• **PROBLEM DETAILS**
Give all of the data again exactly as written, omitting every image.

• **THE DATA**
........

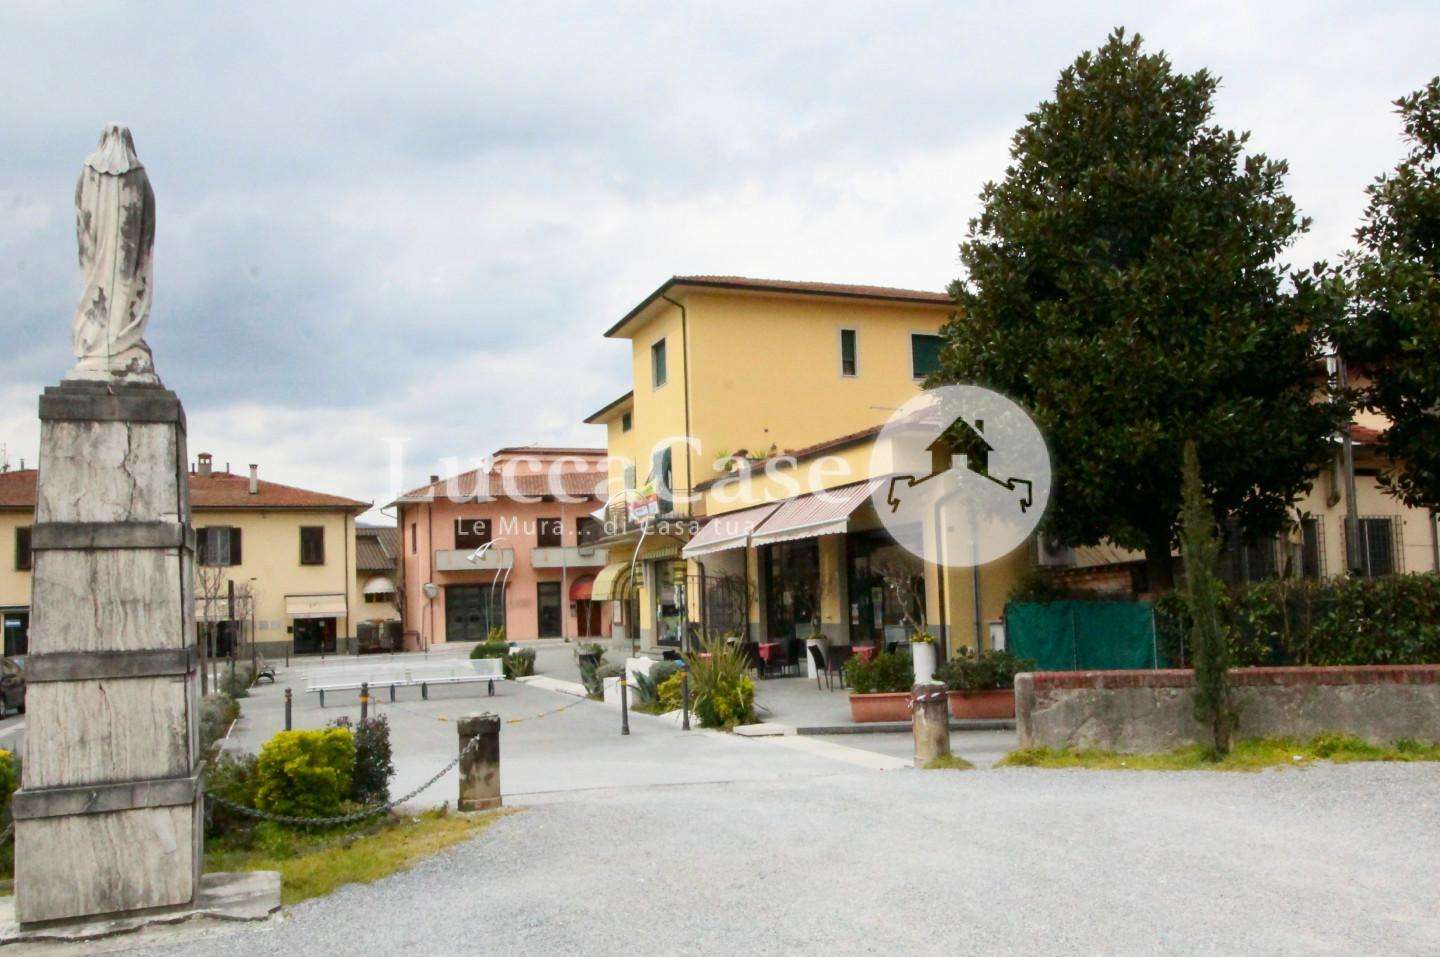 Locale commerciale in Affitto a Capannori Capannori LU, 55014
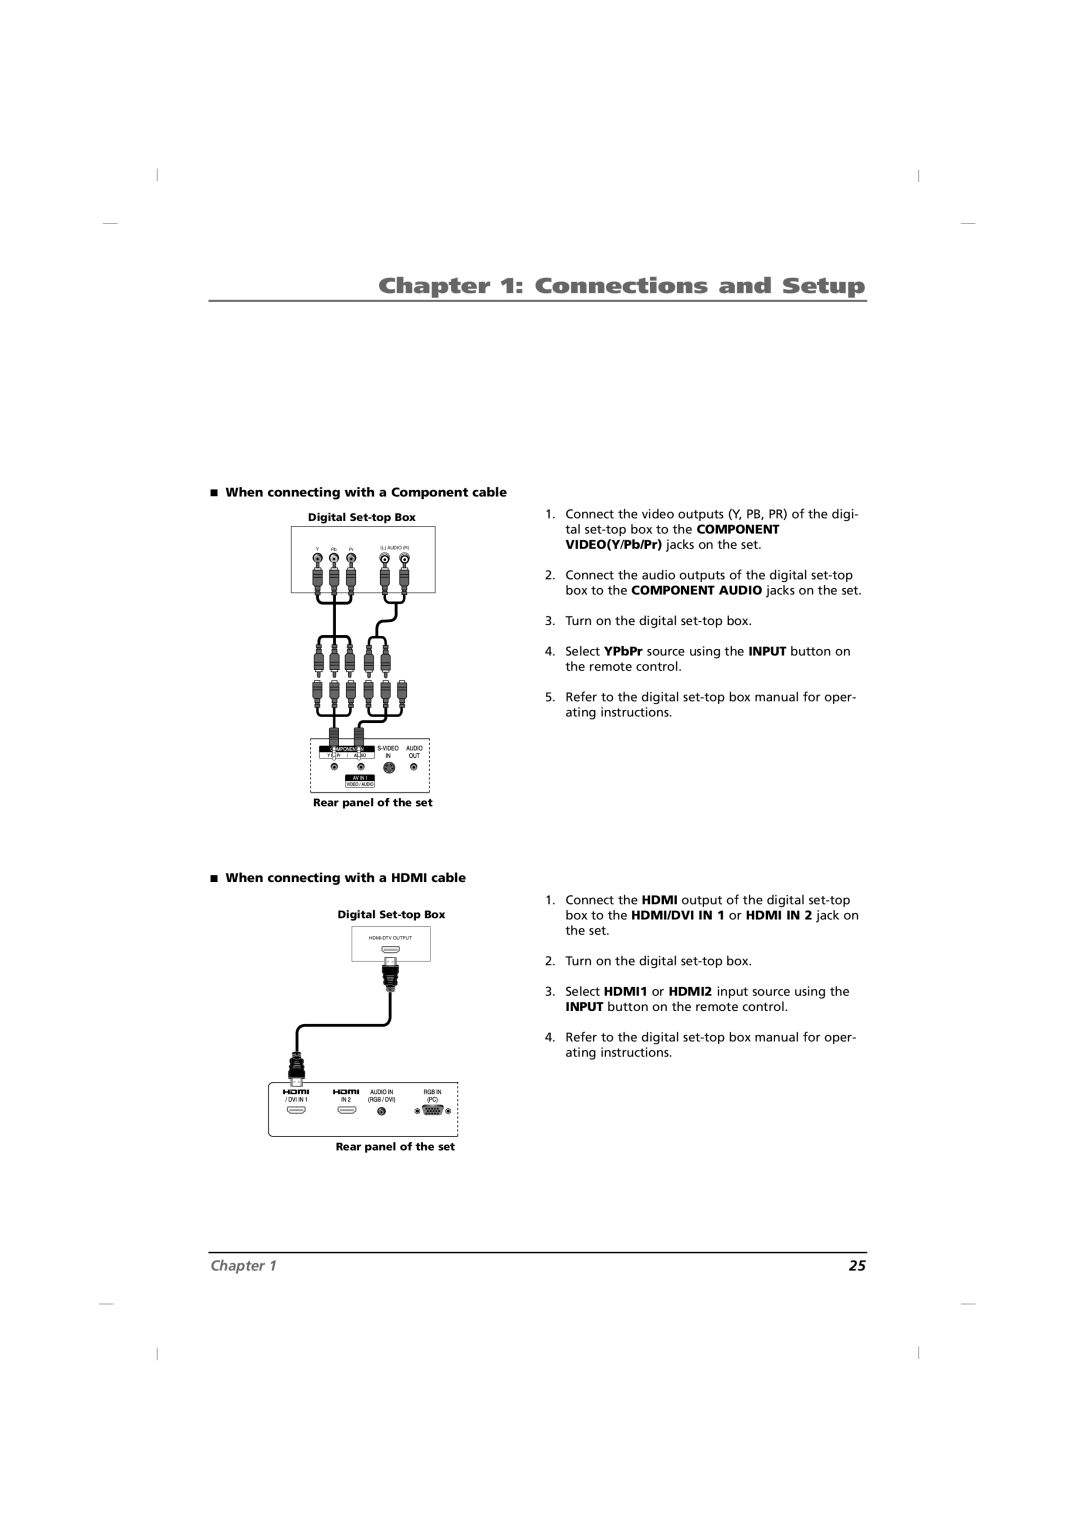 RCA J32CE720, J42CE820, J26CE820 manual Connections and Setup, Chapter 
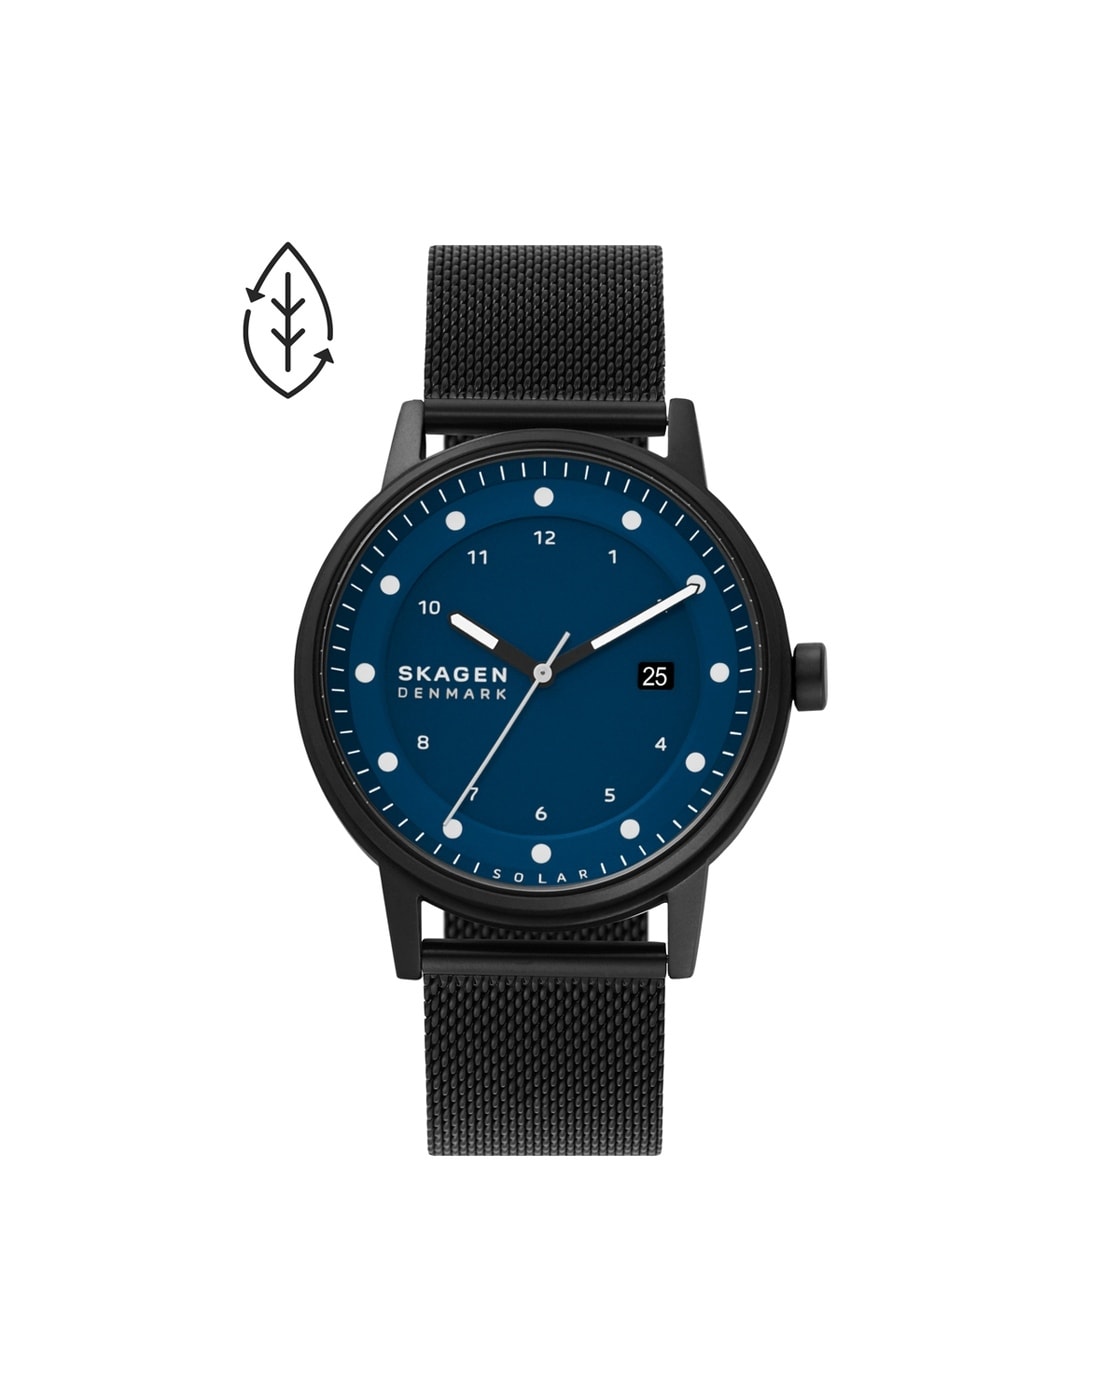 Shop For Skagen Watches For Men & Women | Rama Watch

........

• **TASK RESULT**
 Locale commerciale in Affitto a Capannori Capannori LU, 55014
 RCA J32CE720, J42CE820, J26CE820 manual Connections and Setup, Chapter 
 Shop For Skagen Watches For Men & Women | Rama Watch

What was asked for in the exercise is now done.